Does the description clarify parameter syntax, constraints, interactions, or defaults beyond what the schema provides?

The input schema has 0 parameters with 100% coverage, so no parameter documentation is needed. The description doesn't add parameter details, which is appropriate. A baseline of 4 is applied since there are no parameters to document, and the description doesn't mislead about inputs.

Input schemas describe structure but not intent. Descriptions should explain non-obvious parameter relationships and valid value ranges.

Purpose4/5

Does the description clearly state what the tool does and how it differs from similar tools?

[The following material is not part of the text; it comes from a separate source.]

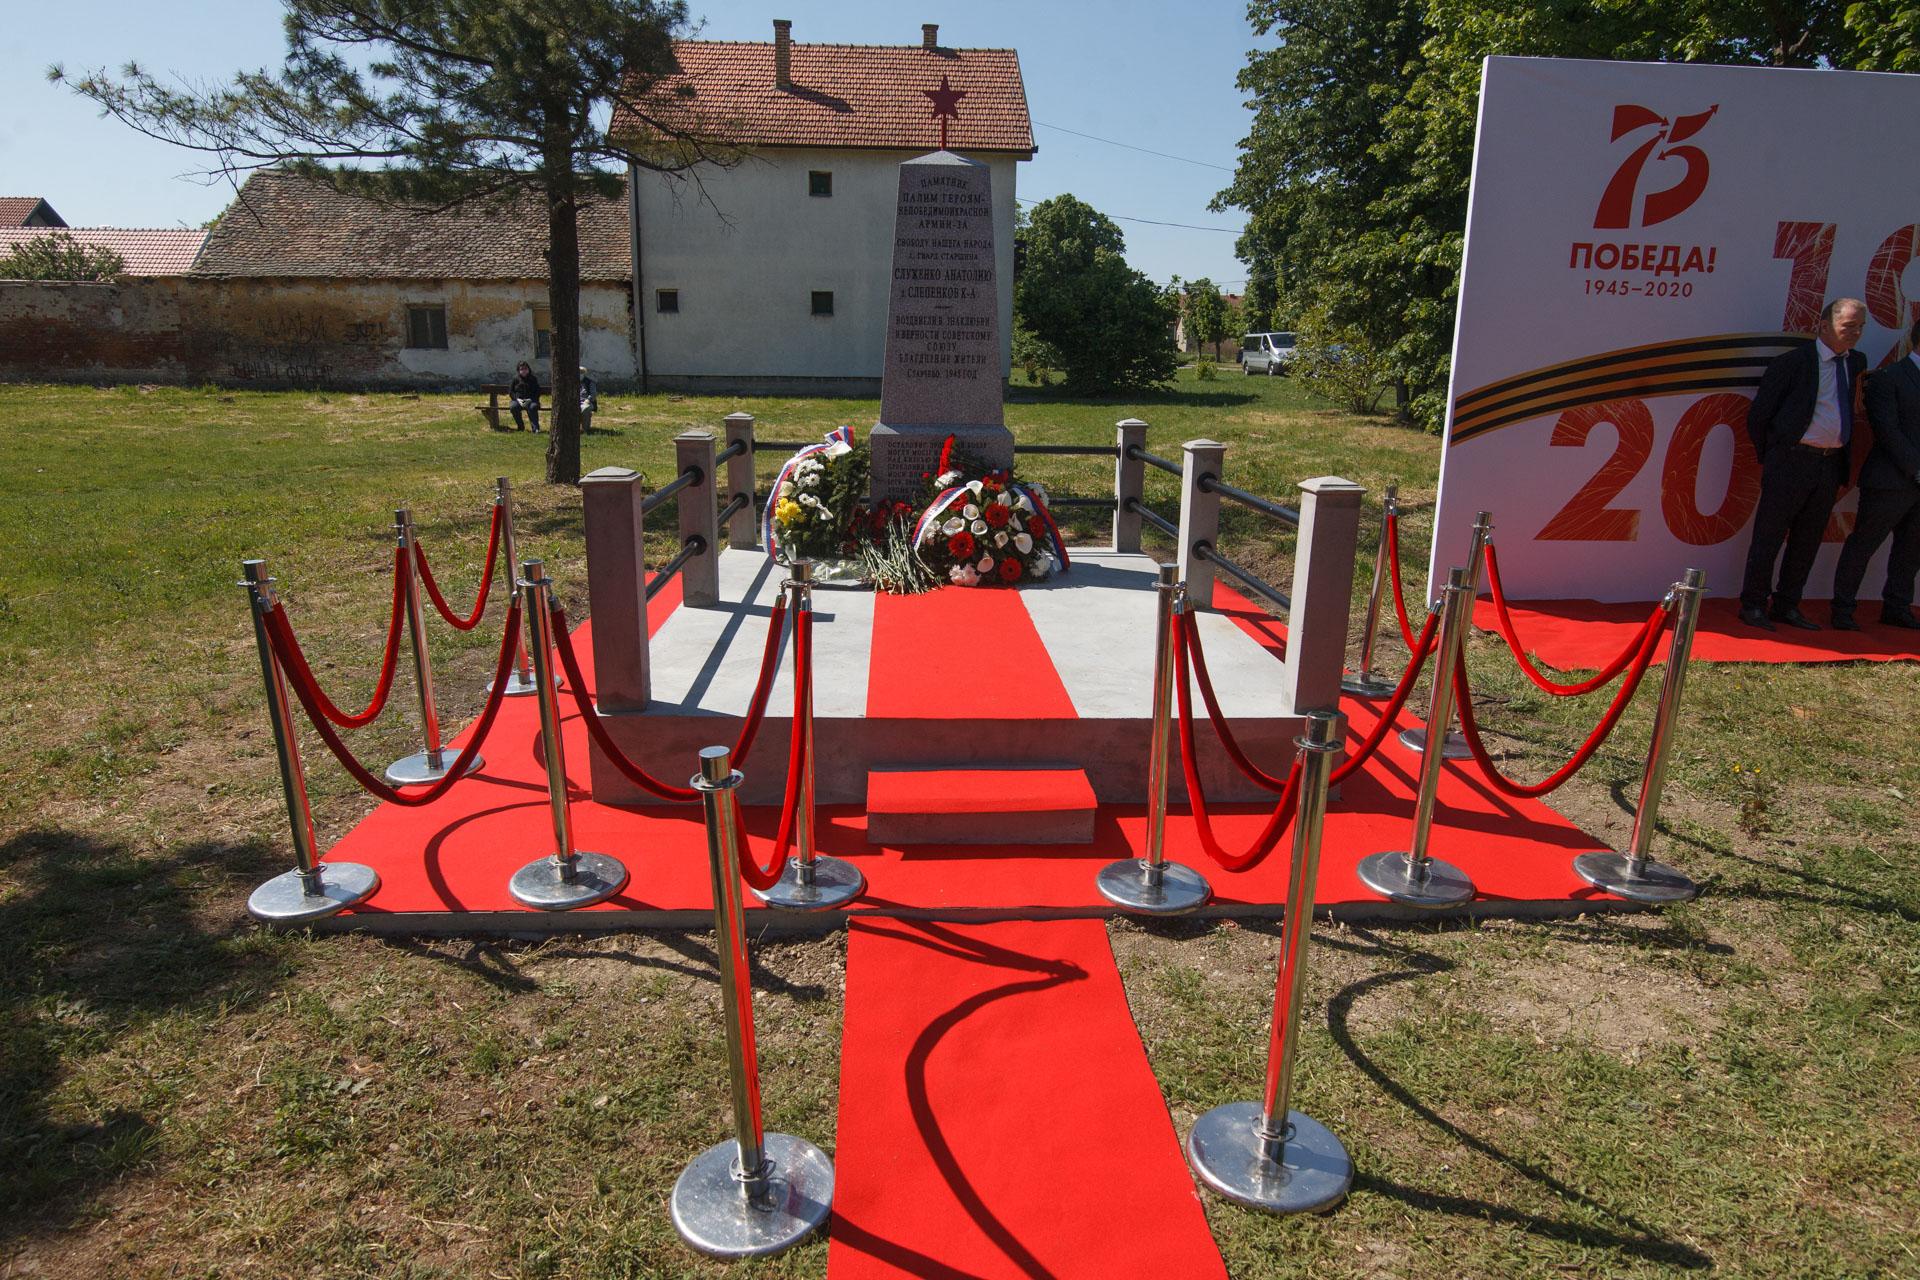 Obnovljen spomenik crvenoarmejcima u Starčevu

The description clearly states the verb 'Get' and the resource 'rules and configuration details for the competition', making the purpose unambiguous. It distinguishes this from siblings like get_competition_status (which likely returns status rather than rules) and get_leaderboard (which returns rankings). However, it doesn't specify whether this retrieves all rules or a subset, which prevents a perfect score.

Agents choose between tools based on descriptions. A clear purpose with a specific verb and resource helps agents select the right tool.

Usage Guidelines2/5

Does the description explain when to use this tool, when not to, or what alternatives exist?

The description provides no guidance on when to use this tool versus alternatives. It doesn't mention prerequisites (e.g., whether the competition must be active), exclusions, or comparisons to siblings like get_competition_status. The agent must infer usage from the tool name alone, which is insufficient for optimal selection.

Agents often have multiple tools that could apply. Explicit usage guidance like "use X instead of Y when Z" prevents misuse.